About

Paper Digest is a fully open-sourced project aim to help researchers and students to filter out the papers that they are interested in.

For the recommendation system part, I simply use strategies similar to those from https://www.scholar-inbox.com:

I extracted the embeddings of all arxiv abstracts in cs and stat from 2017 and stored them in huggingsface dataset — ArxivEmbedding. And this dataset will be updated every day according to Arxiv RSS feed. Two great open sourced embedding models are used to extract the embeddings on Github Actions:
- jasper_en_vision_language_v1
- conan_v1
Then, I just follow scholar-inbox to train a simple logistic regression model to predict the probability of papers, while some more complex sampling strategies are used to make the model more robust.
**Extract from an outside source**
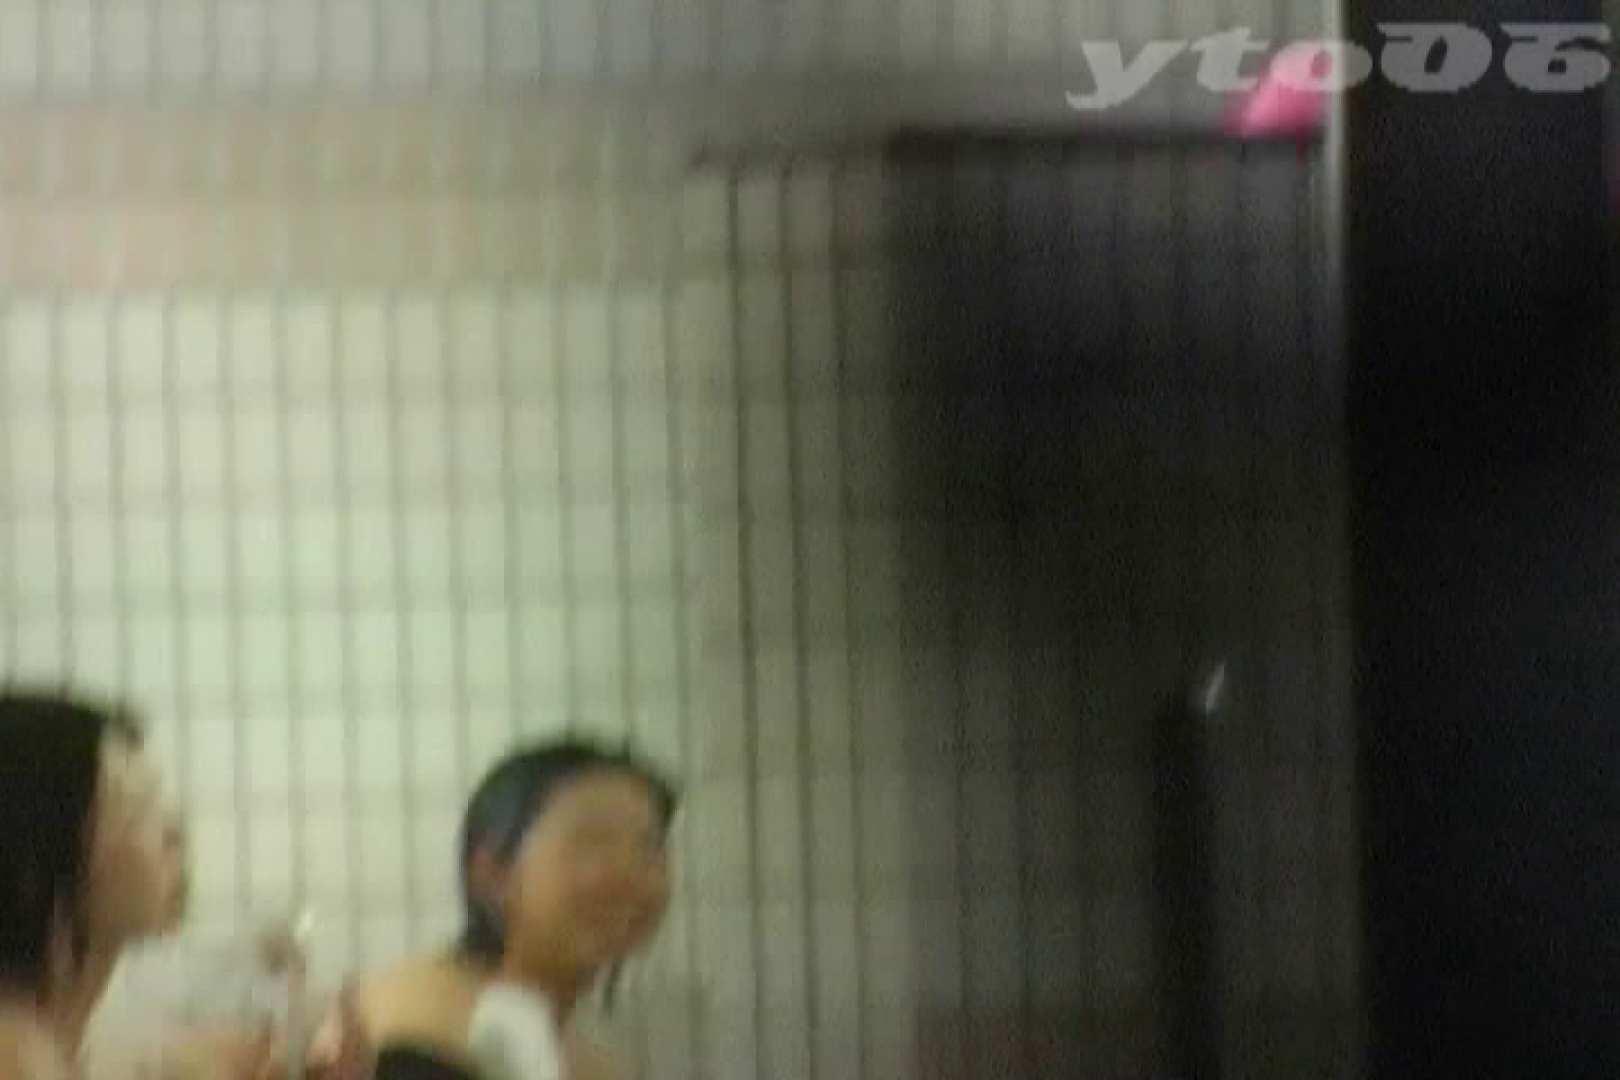 ▲復活限定▲合宿ホテル女風呂盗撮 Vol.34 盗撮・必見 オマンコ無修正動画無料 94画像 43
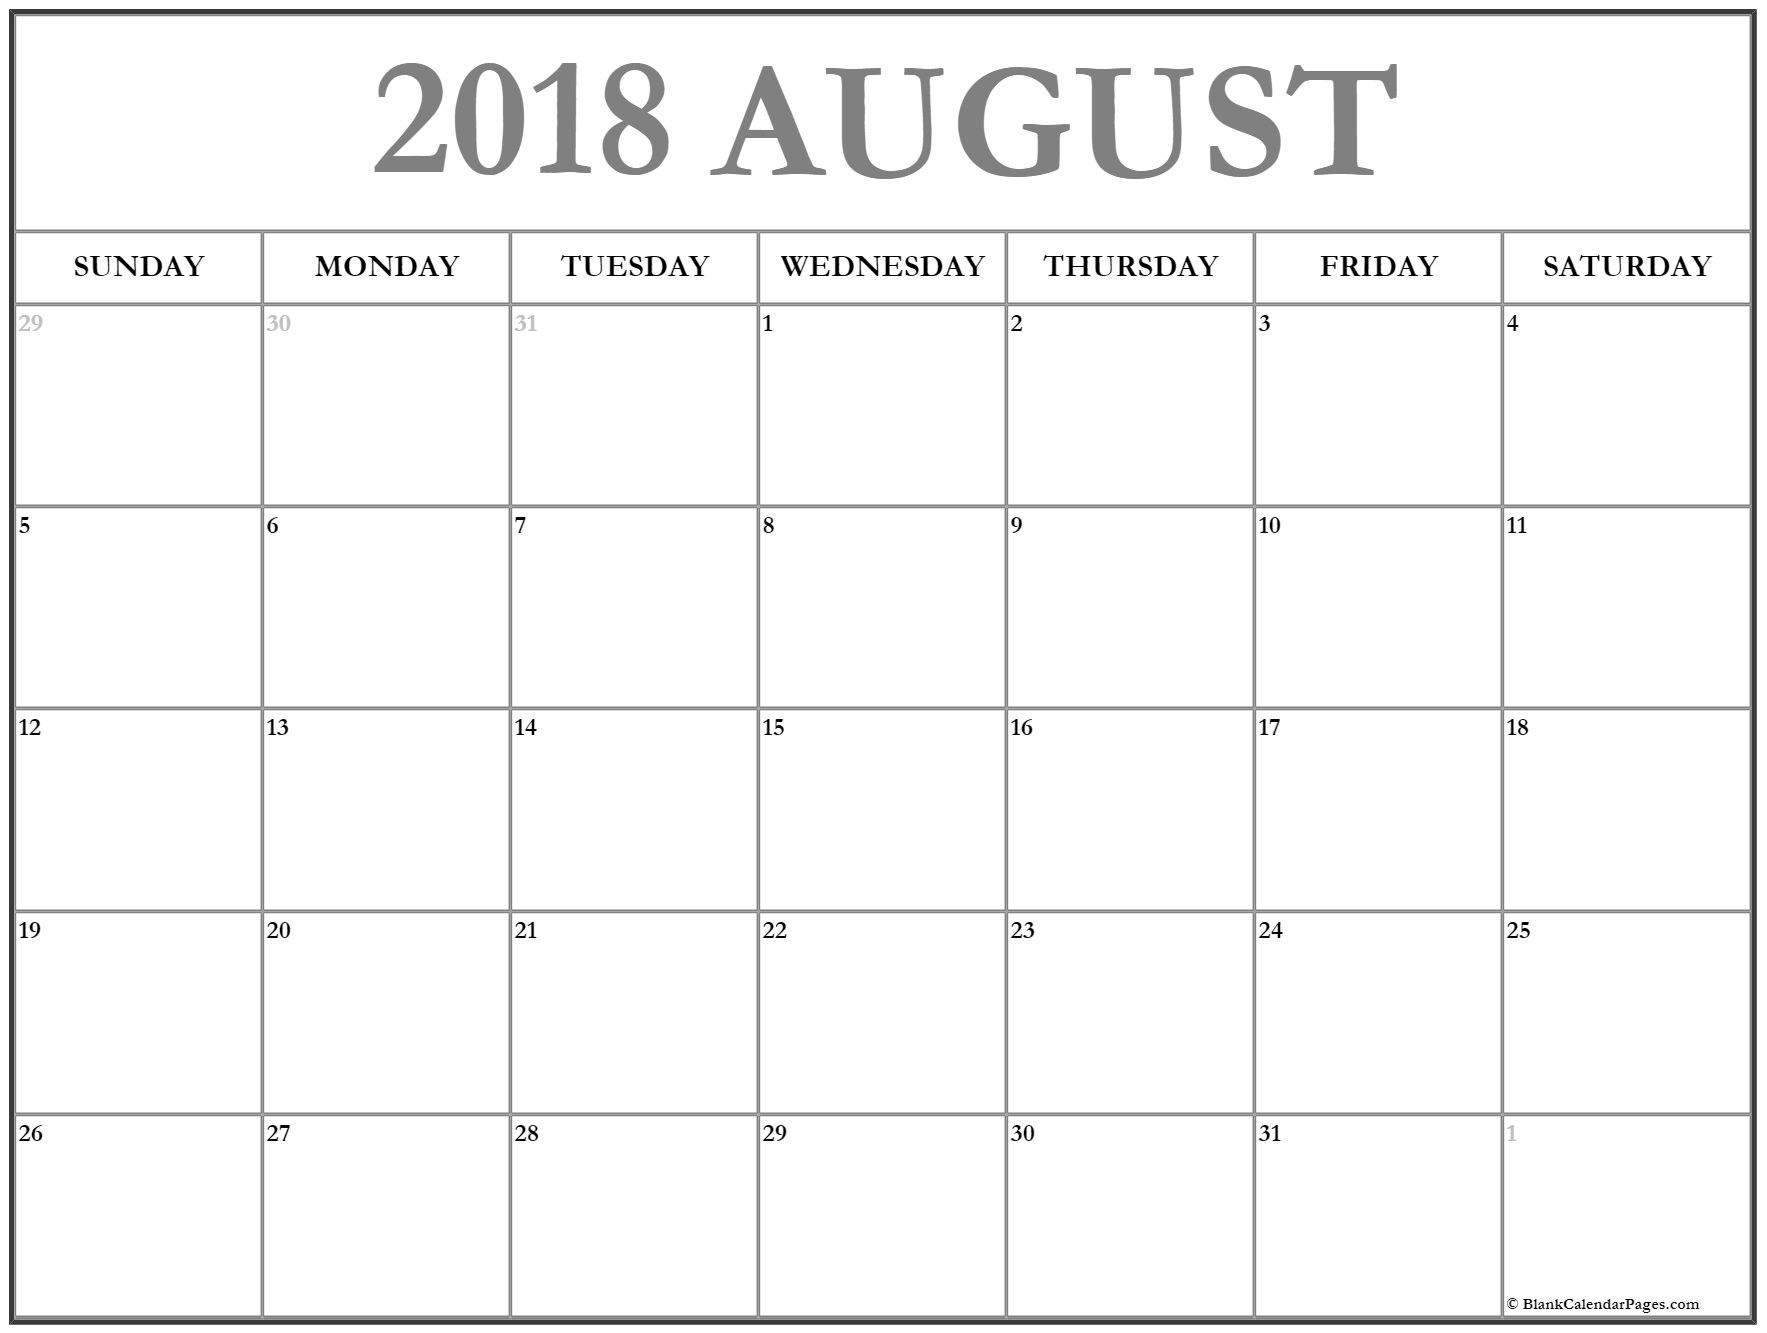 august 2018 calendar 51 calendar templates of 2018 calendars Calendar August 2018 Uk List erdferdf

You could also have full control of all the hyper-parameters of the training and recommendation process.
Then, I leverage the monthly 150$ free credits from xAI (using Grok3) to generate the great summary of the recommended papers. I really thank Elon Musk for these free credits.
Finally, I use Astro and the AstroPaper Theme to generate the static website, hosted on Vercel or Cloudflare. Of course, I use giscus to collect my labels to each new paper, which would be used in the next iteration of the recommendation system.

🥳 And I am very happy to say that, all the procedures above are totally free! Thanks for all these great free services!